The wheelhouse/ directory should contain all required wheels for the locked requirements set. weights/ should contain yolo11n.pt so the target host does not need to download model weights at first run.

Install Flow

scripts/install.sh should:

  1. Verify the project root and required bundled files exist.
  2. Verify python3.12 and ffmpeg are available on the target machine.
  3. Create .venv under the unpacked bundle directory.
  4. Install Python packages from wheelhouse/ using requirements.lock.txt.
  5. Ensure runtime directories exist.
  6. Print the next-step instruction to edit and run scripts/run.sh.

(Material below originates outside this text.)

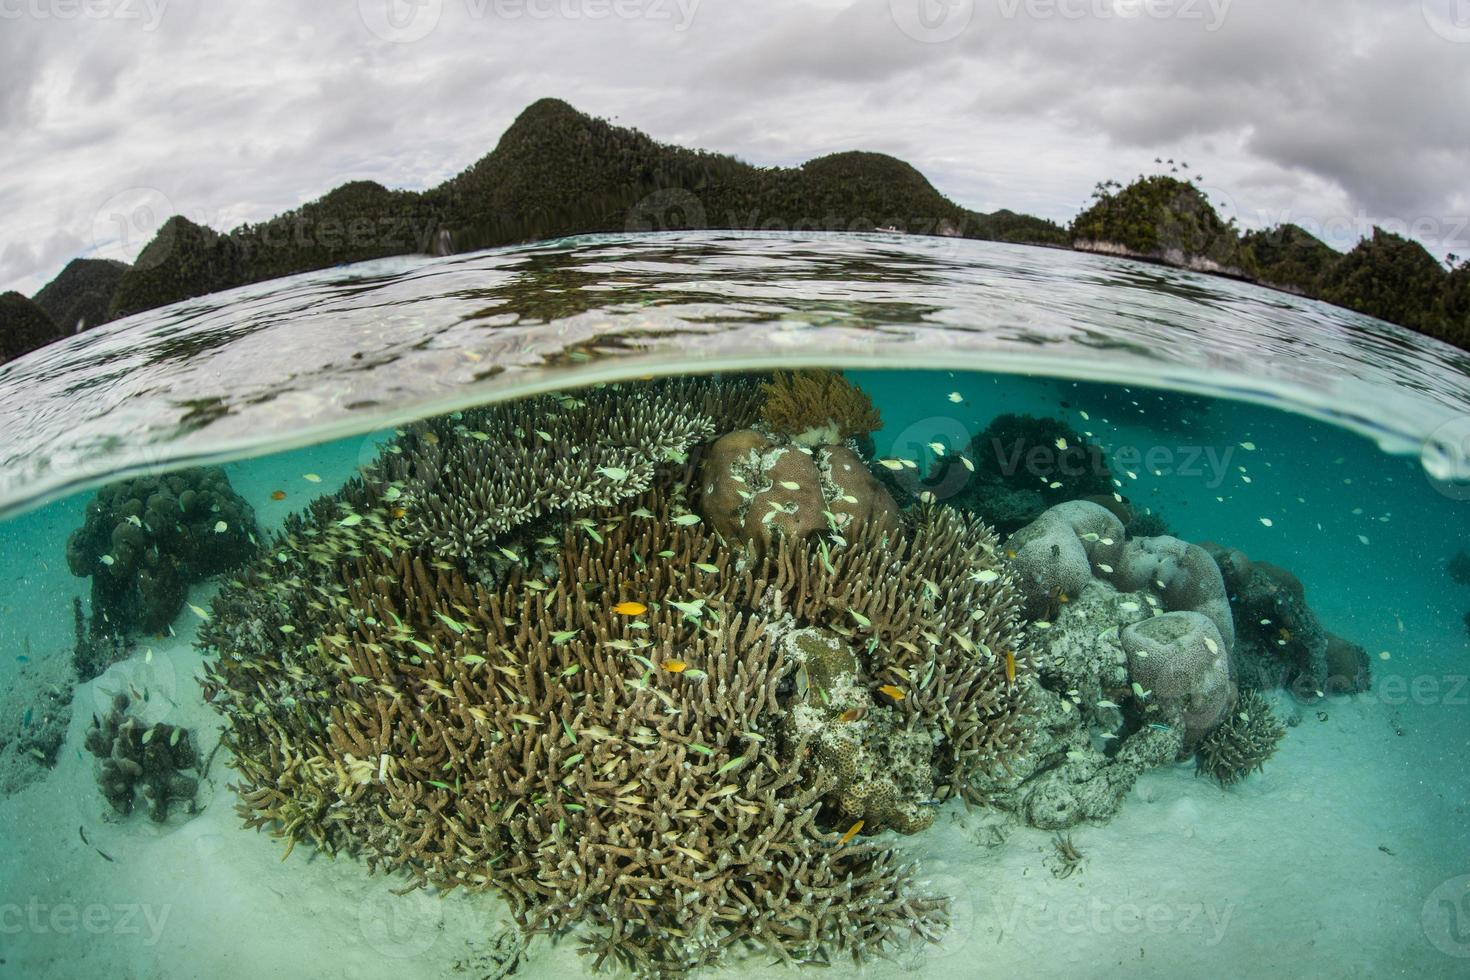 korallrev i lagunen foto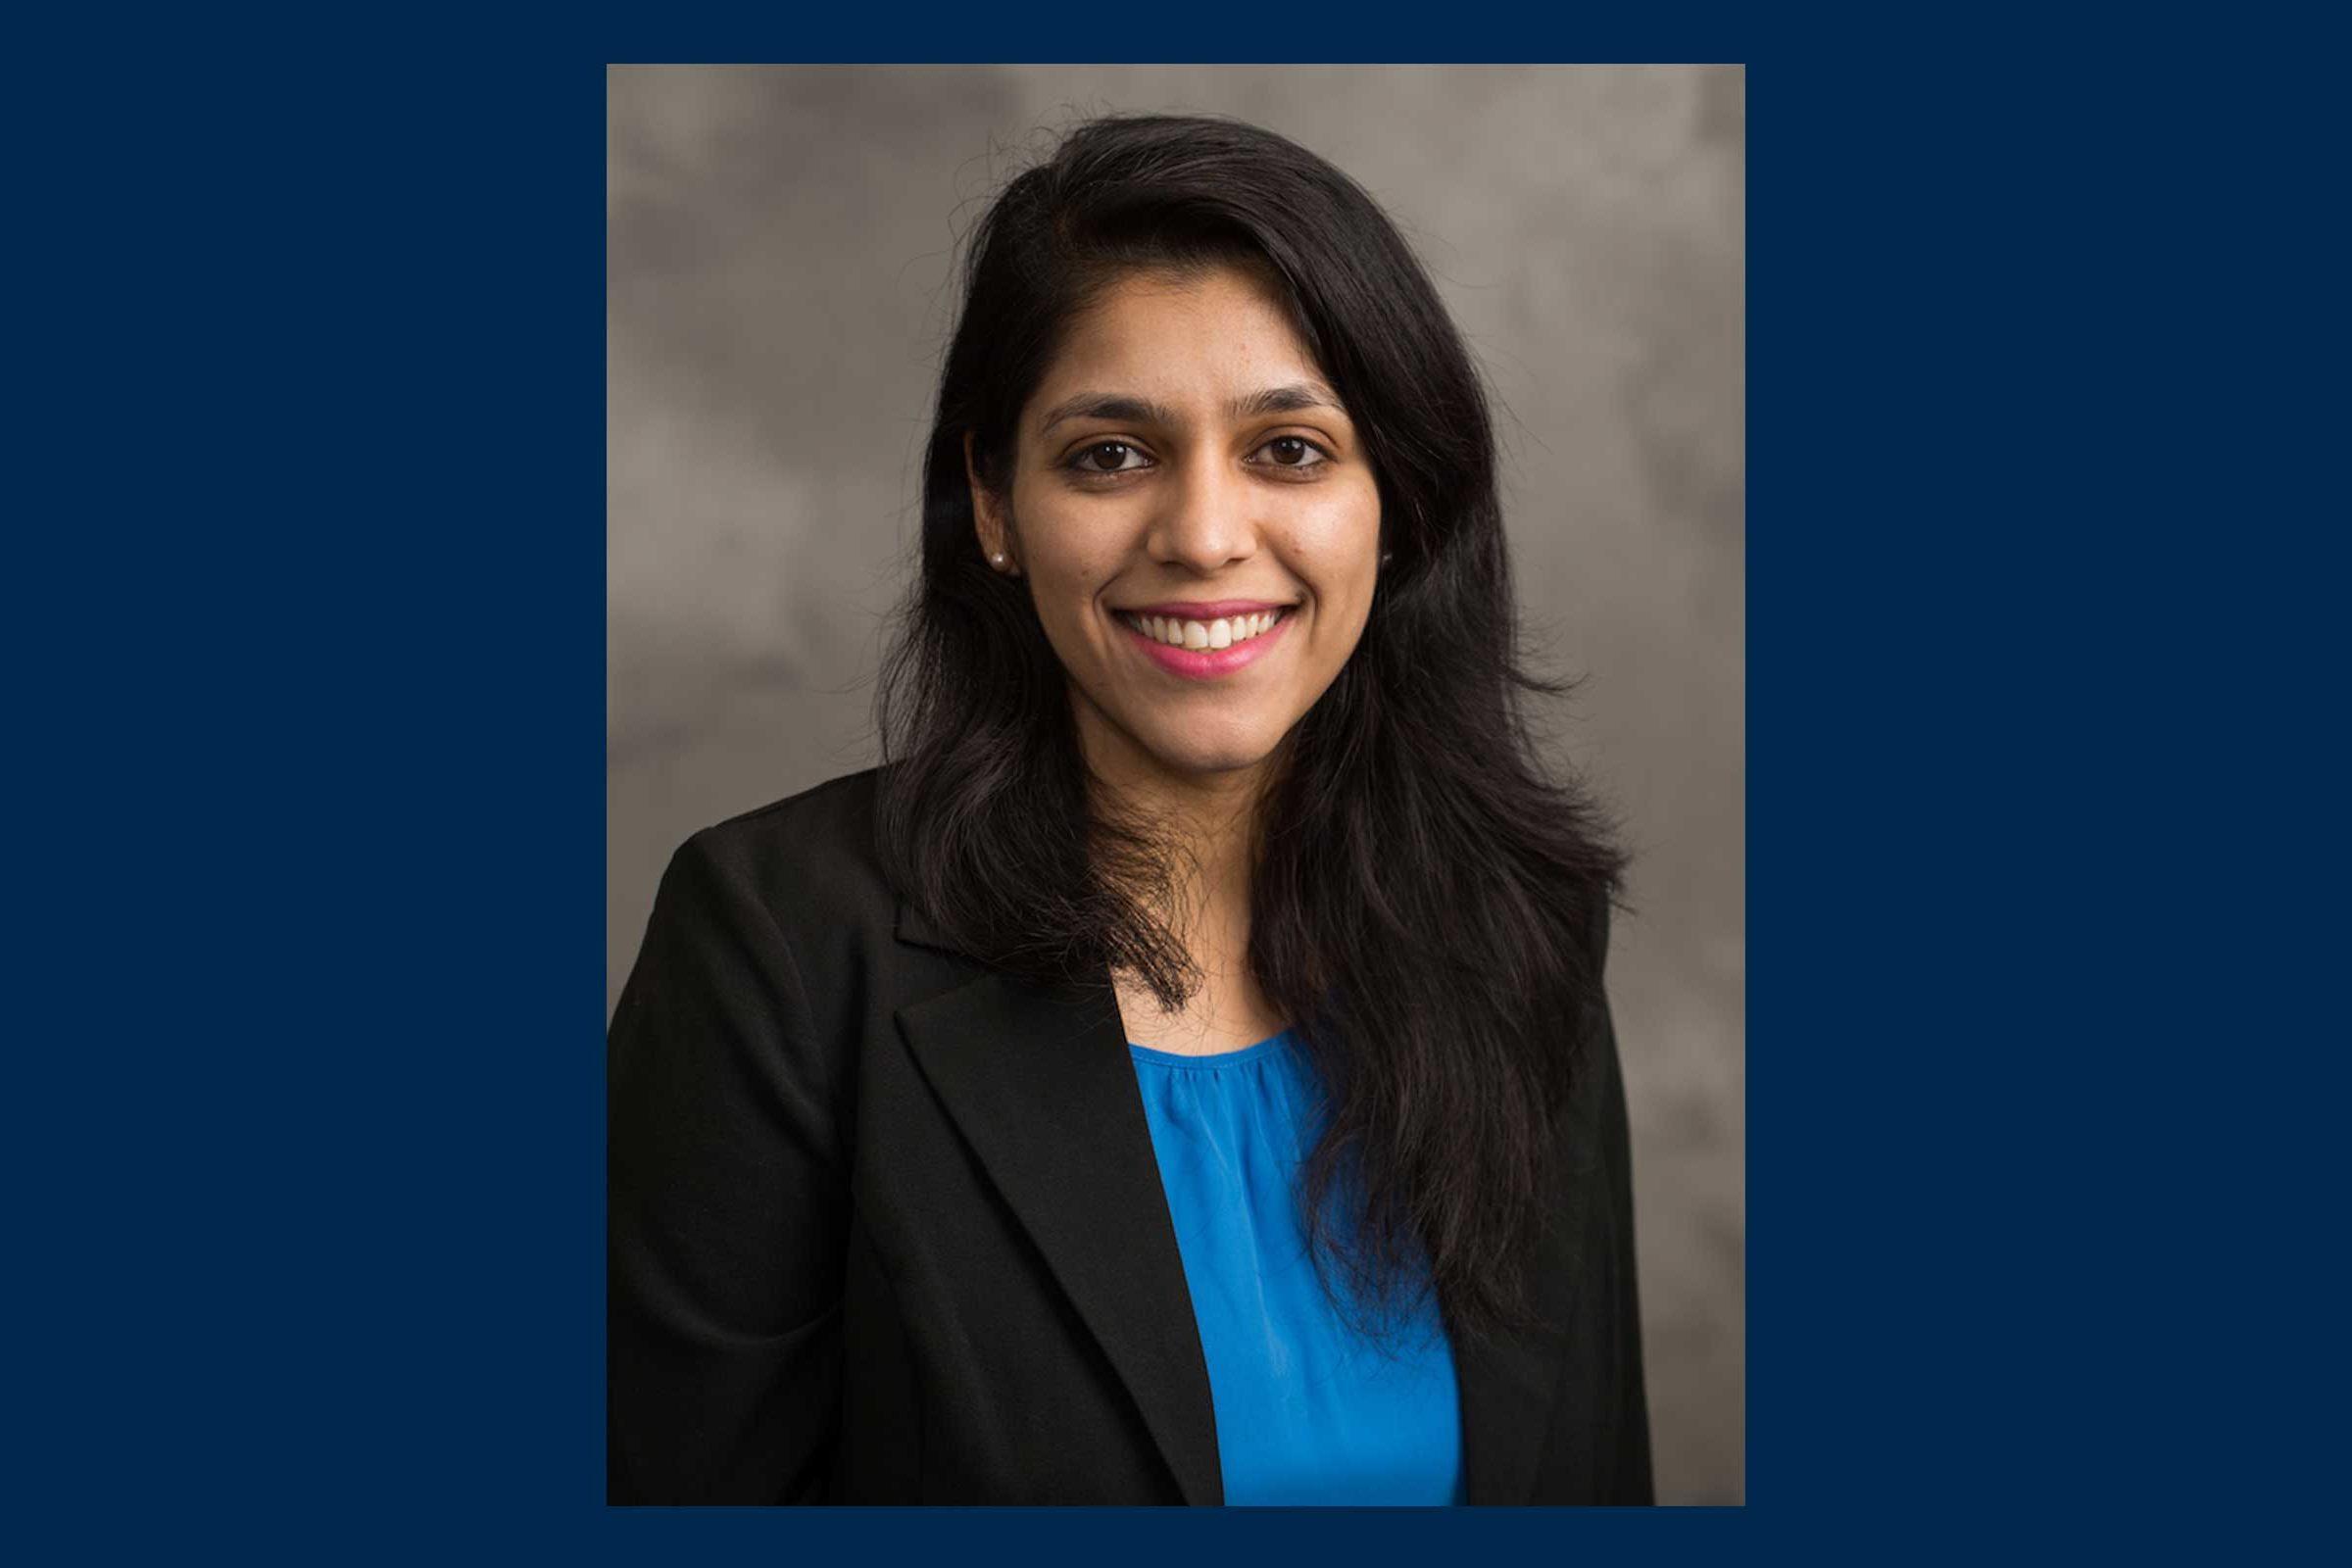 CLASP PhD candidate Garima Malhotra

The installer should fail fast with clear messages if any required file is missing.

Run Flow

scripts/run.sh should be the operator-facing entry point. It should:

  • Expose editable shell variables near the top of the file, including:
    • RTSP_URL
    • CONFIG_TEMPLATE
    • CONFIG_PATH
    • LOG_DIR
  • Generate or refresh a local config file from the template if needed.
  • Validate that RTSP_URL has been changed from its placeholder.
  • Launch .venv/bin/python -m app.main --config "$CONFIG_PATH".

The script should avoid storing production configuration in git-tracked files.

Service Installation

deploy/store-dwell-alert.service.tpl should be a portable template rather than a host-pinned unit. scripts/install_service.sh should render the template using the unpack path and config path, then install the final service file with systemctl.

This keeps the bundle portable even when unpacked into different directories on different machines.

Packaging Workflow

Add a development-side script scripts/package_bundle.sh that:

  1. Creates a clean staging directory under dist/.
  2. Copies the required source tree and assets into the staging directory.
  3. Generates requirements.lock.txt.
  4. Builds or refreshes wheelhouse/.
  5. Ensures weights/yolo11n.pt is present.
  6. Writes bundle-facing scripts and service template into the staging directory.
  7. Produces a tarball such as dist/store_dwell_alert_bundle_2026-04-16.tar.gz.

The script should be idempotent and safe to rerun.

Validation

The bundle feature is complete when all of the following are true:

  • A tarball can be generated locally from the project.
  • The tarball unpacks into the expected layout.
  • scripts/install.sh installs without using the network.
  • scripts/run.sh starts the app after the operator sets RTSP_URL.
  • python -m app.main --once works on a compatible target host using the bundle environment.
  • Events are written to logs/events.jsonl.
  • The optional service install flow can render and install a working unit file.